FLUXION BIOSCIENCES AND SWIFT BIOSCIENCES ANNOUNCE JOINTLY DEVELOPED NEXT-GENERATION SEQUENCING WORKFLOW FOR SOMATIC MUTATION DETECTION FROM LIQUID BIOPSY SAMPLES
May 27, 2015
South San Francisco, CA (May 27, 2015) – In advance of the 2015 American Society of Clinical Oncology Annual meeting, Fluxion Biosciences, Inc. and Swift Biosciences, Inc. announced a new workflow for oncology clinical research designed to detect somatic mutations from a routine blood draw. The jointly-developed workflow utilizes Fluxion’s IsoFlux™ System for circulating tumor cell (CTC) enrichment and Swift’s Accel-Amplicon™ technology for high sensitivity variant detection using low starting inputs.
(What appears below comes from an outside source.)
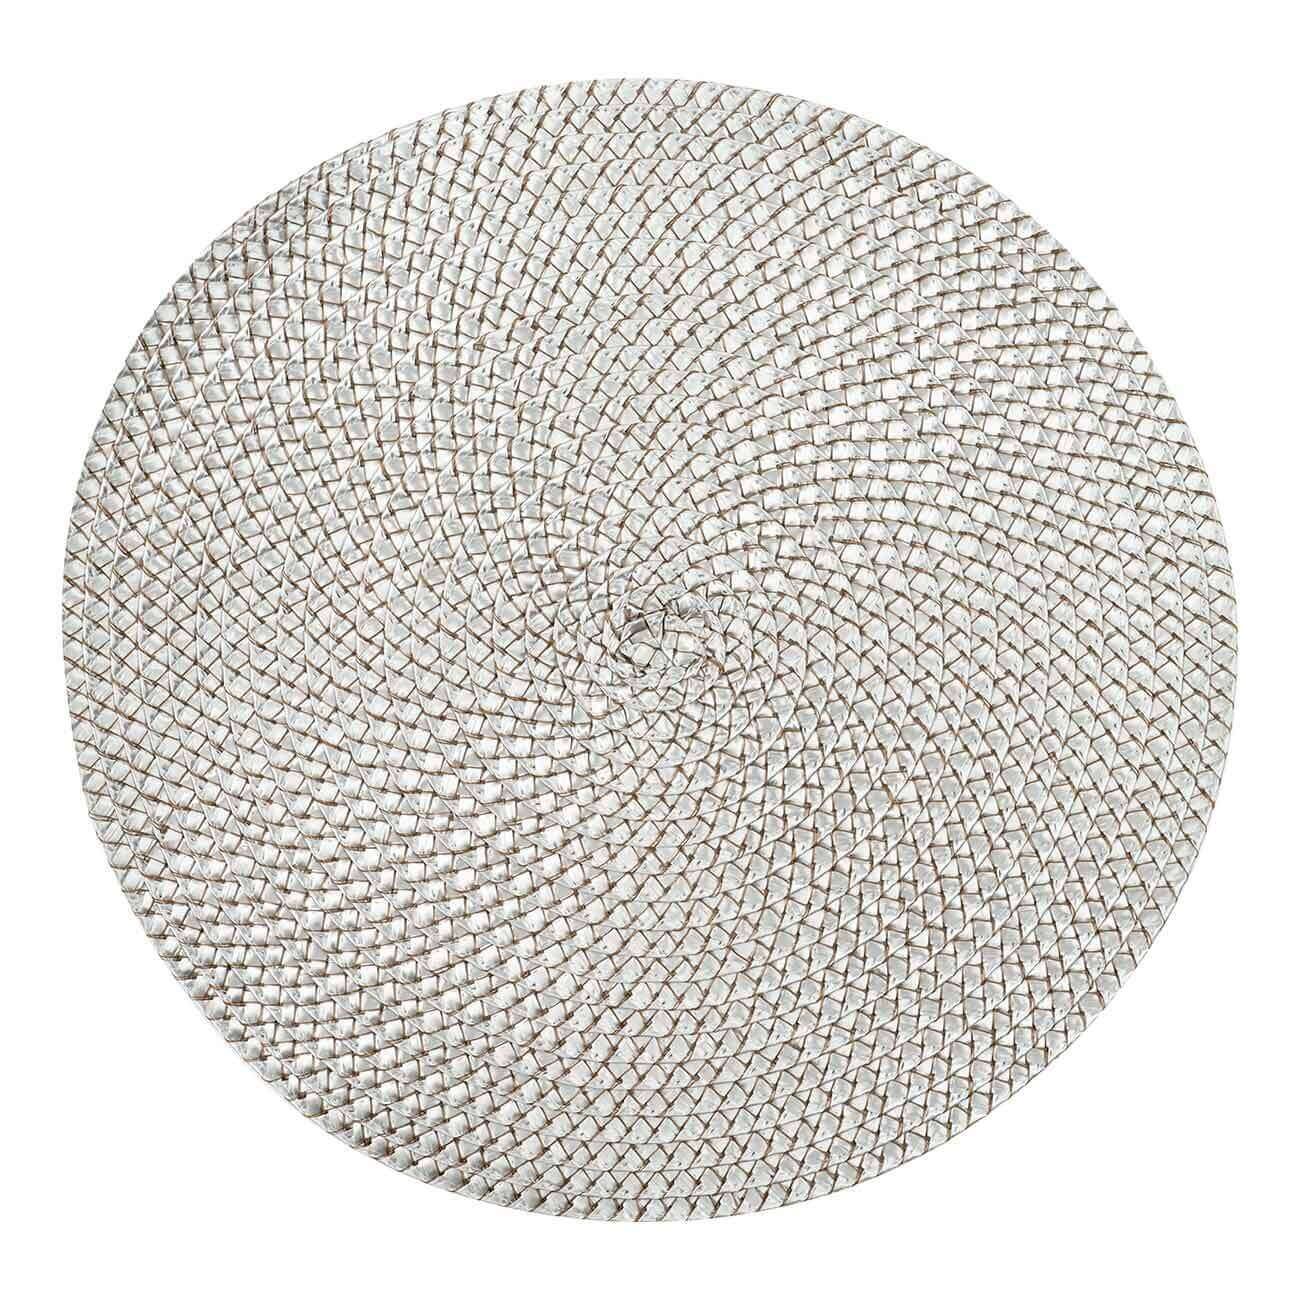 Салфетка под приборы, 38 см, полипропилен/ПЭТ, круглая, серебристая, Circle braid изображение № 1

Liquid biopsies represent a major breakthrough in the ability to detect molecular changes in tumor progression without the need for a tissue biopsy. They offer the potential to characterize cancer in real time using only a routine blood draw, enabling targeted therapies to be used simultaneously monitoring for response and resistance. Until recently, this approach has been limited by the available amount of tumor DNA that can be recovered from peripheral blood samples. The IsoFlux System enriches rare tumor cells circulating in the blood using a combination of epithelial and mesenchymal markers, and delivers them at high purity for molecular analysis. Swift’s Accel-Amplicon 56G Oncology Panel provides sensitive mutation detection across 56 cancer-related genes using very low starting DNA inputs from the IsoFlux System, making this combination of technologies especially appropriate for liquid biopsy samples.
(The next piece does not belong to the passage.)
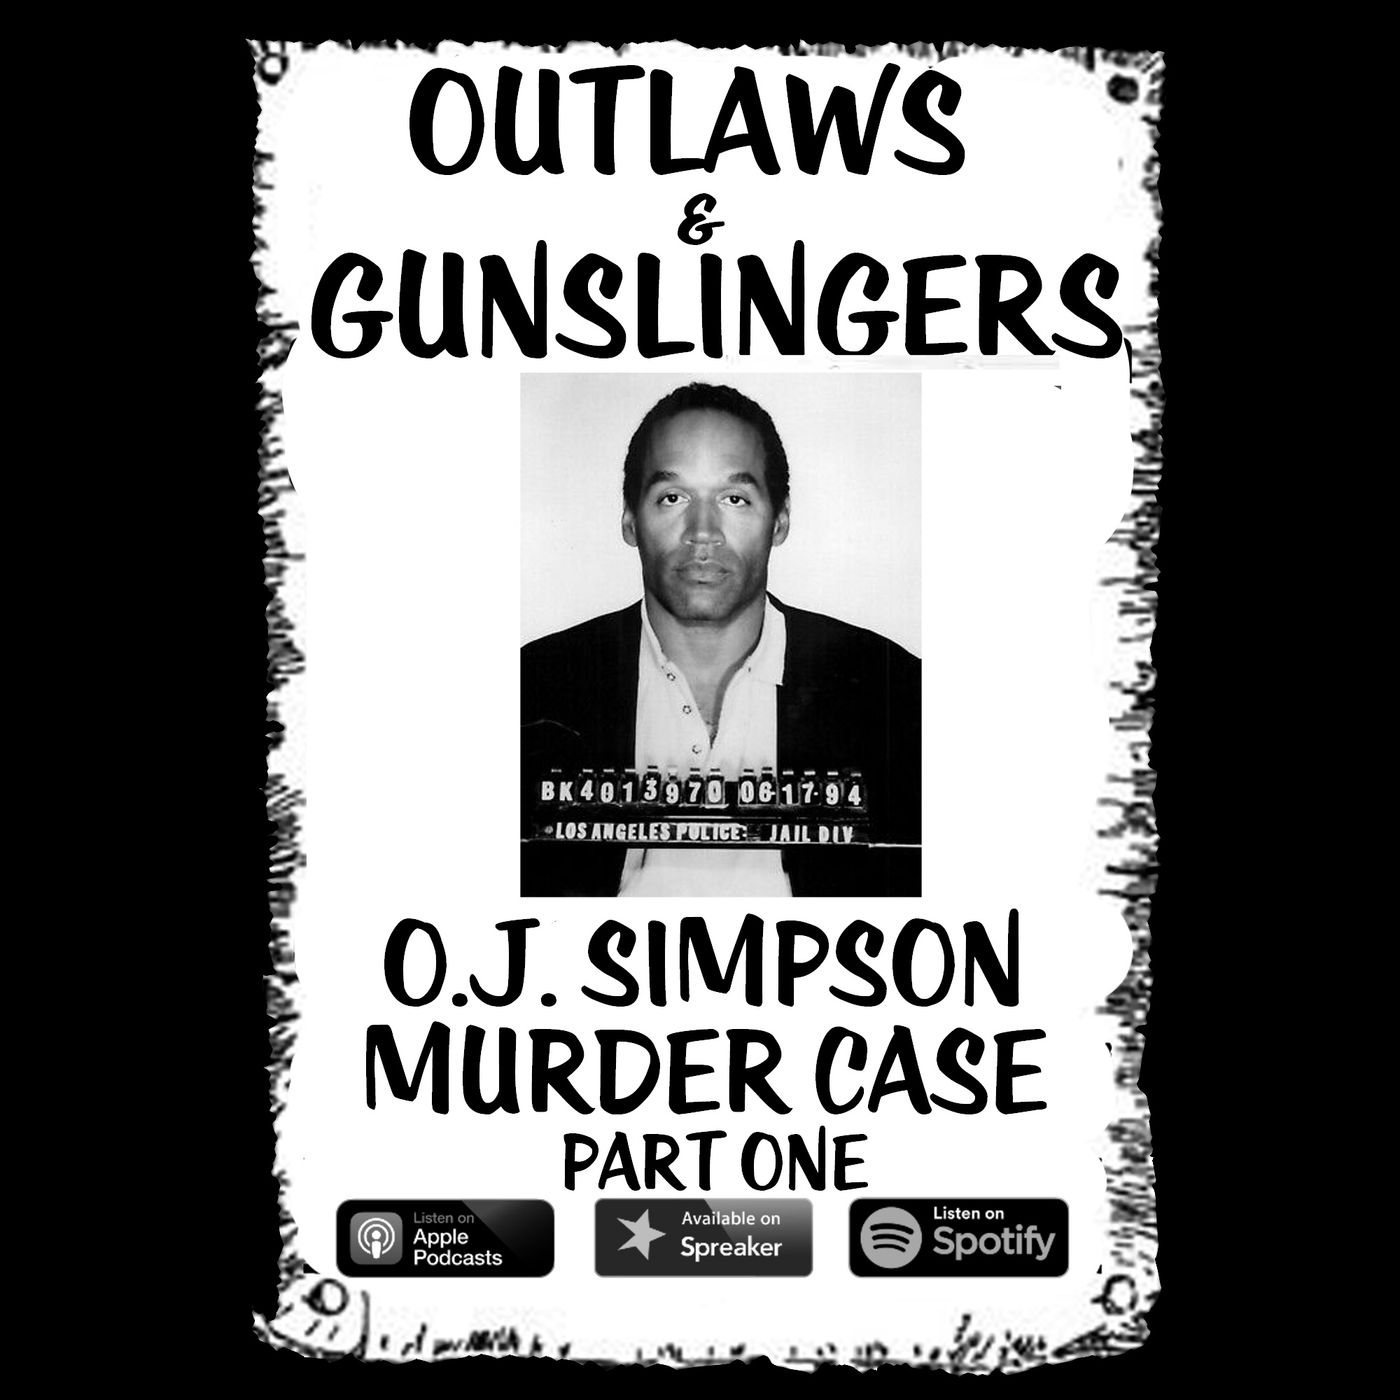 O.J. Simpson Murder Case Part One

“We’re pleased to be working with Swift on this application for translational oncology research,” said Michael Schwartz, VP Marketing at Fluxion. “We expect the combination of blood-based tumor DNA enrichment and broad tumor gene coverage to be put to good use by the types of institutions that are pursuing diagnostic strategies based on liquid biopsies.”
“This workflow is a wonderful example of how innovators can collaborate to produce advanced tools for oncology research,” noted David Olson, CEO at Swift Biosciences. “Fluxion's CTC enrichment is a great pairing with our 56G Oncology Panel, and we are pleased that our respective technologies can be used together to shine new light on cancer biology.”
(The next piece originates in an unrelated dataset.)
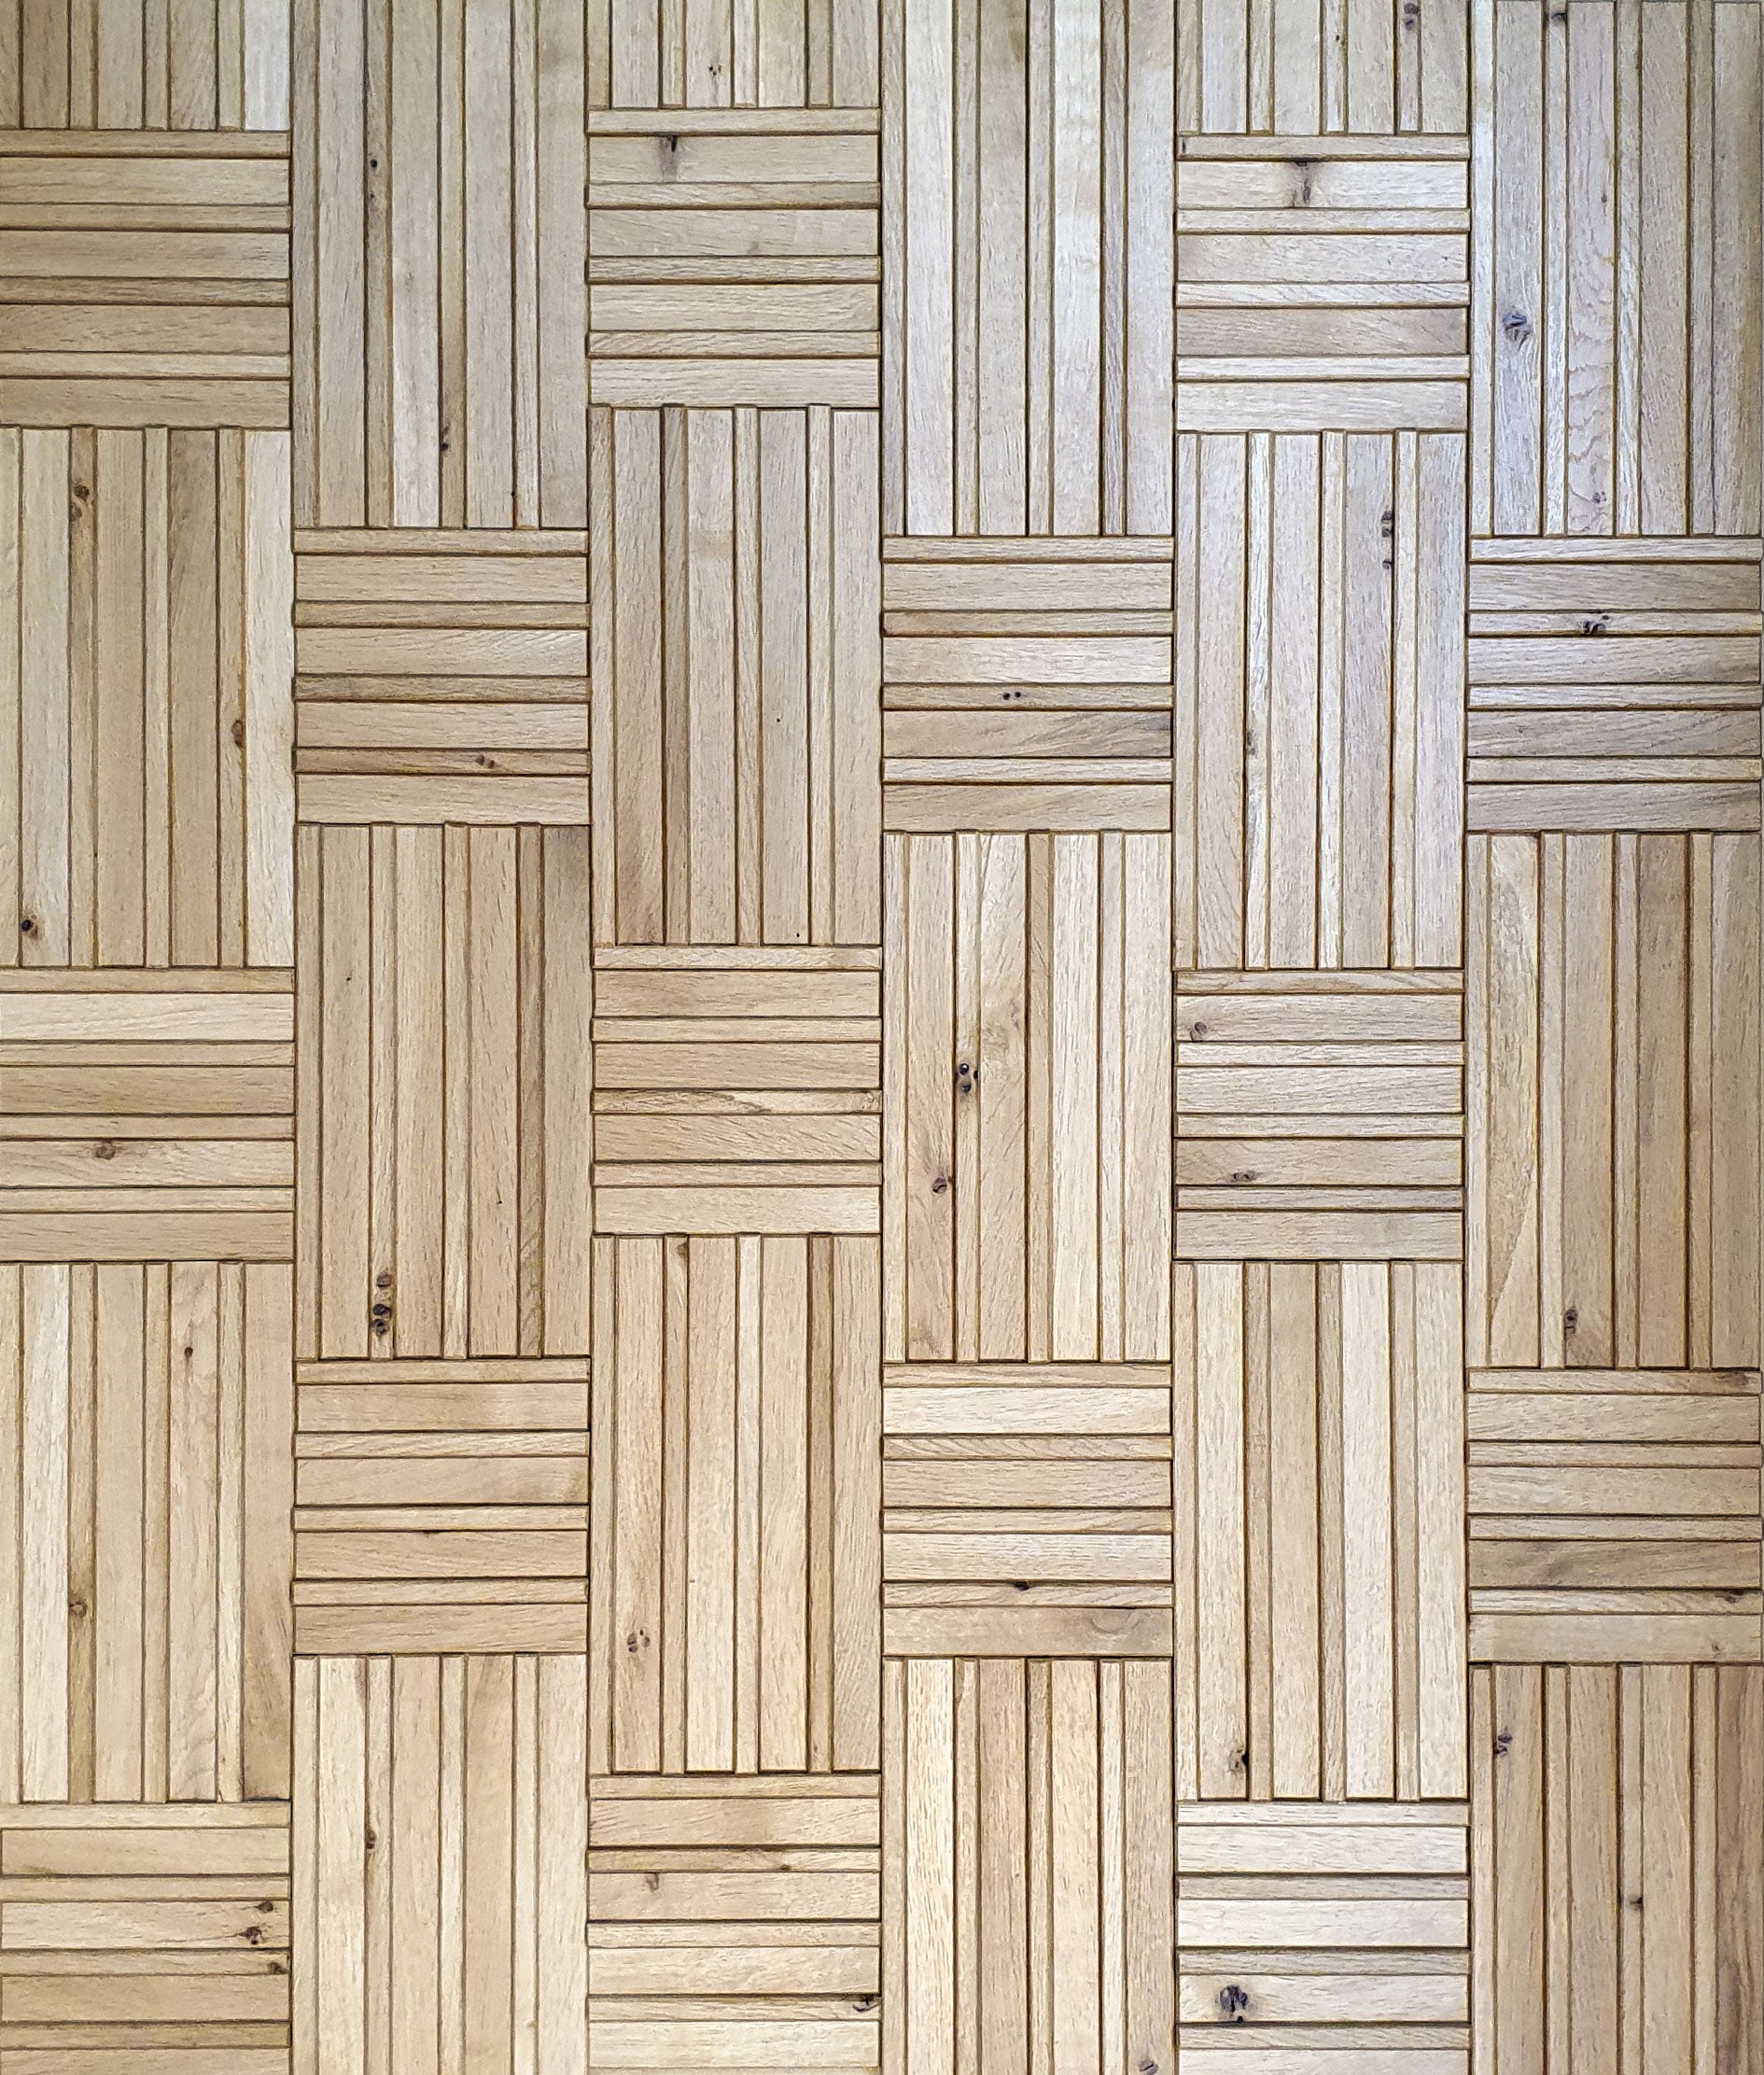 oak wall woven pattern

The combined workflow begins with a standard blood draw and proceeds to CTC enrichment using epithelial and mesenchymal antibodies. The captured CTCs undergo DNA extraction and purification without the need for whole genome amplification. The genomic DNA then goes through target enrichment using the 56G Oncology Panel and library preparation for Illumina sequencers. The resulting data utilizes a custom bioinformatics pipeline designed to identify low frequency variants from liquid biopsy samples. The complete workflow is described in an application note and the products involved are available from Fluxion and Swift. For more information, please visit: www.fluxionbio.com and www.swiftbiosci.com.
About Fluxion Biosciences
Fluxion Biosciences brings the power of cellular analysis to the benchtop with advanced tools to automate complex assays. The company’s IsoFlux System enables translational oncology research using a non-invasive liquid biopsy. This platform utilizes high-sensitivity circulating tumor cell (CTC) collection to facilitate broad-based genomic analysis using tools such as Next Generation Sequencing (NGS). This approach provides a more comprehensive look at the disease status, as compared to alternative approaches that only look at limited panels of known mutations. Fluxion’s other products, the BioFlux System and IonFlux System, have helped hundreds of research institutions and pharmaceutical companies around the world advance their cellular research and drug discovery.
About Swift Biosciences
Swift Biosciences is developing innovative and enabling technologies for genomics research. The company’s Accel-NGS product portfolio brings unique capabilities to improve the efficiency and quality of (NGS) sample preparation across multiple applications. The Accel-NGS library preparation kits offer superior sequence coverage metrics, even from challenging samples, and can generate PCR-free libraries for whole genome sequencing from as little as 10ng of genomic input. The Accel-Amplicon products encompass multiple panels that include 56G, a stand-alone TP53 panel, and custom panels across multiple genomes. Swift Biosciences also offers kits for bisulfite converted DNA for methylation sequencing and a product for single-stranded DNA, ideal for viral and phage metagenomes.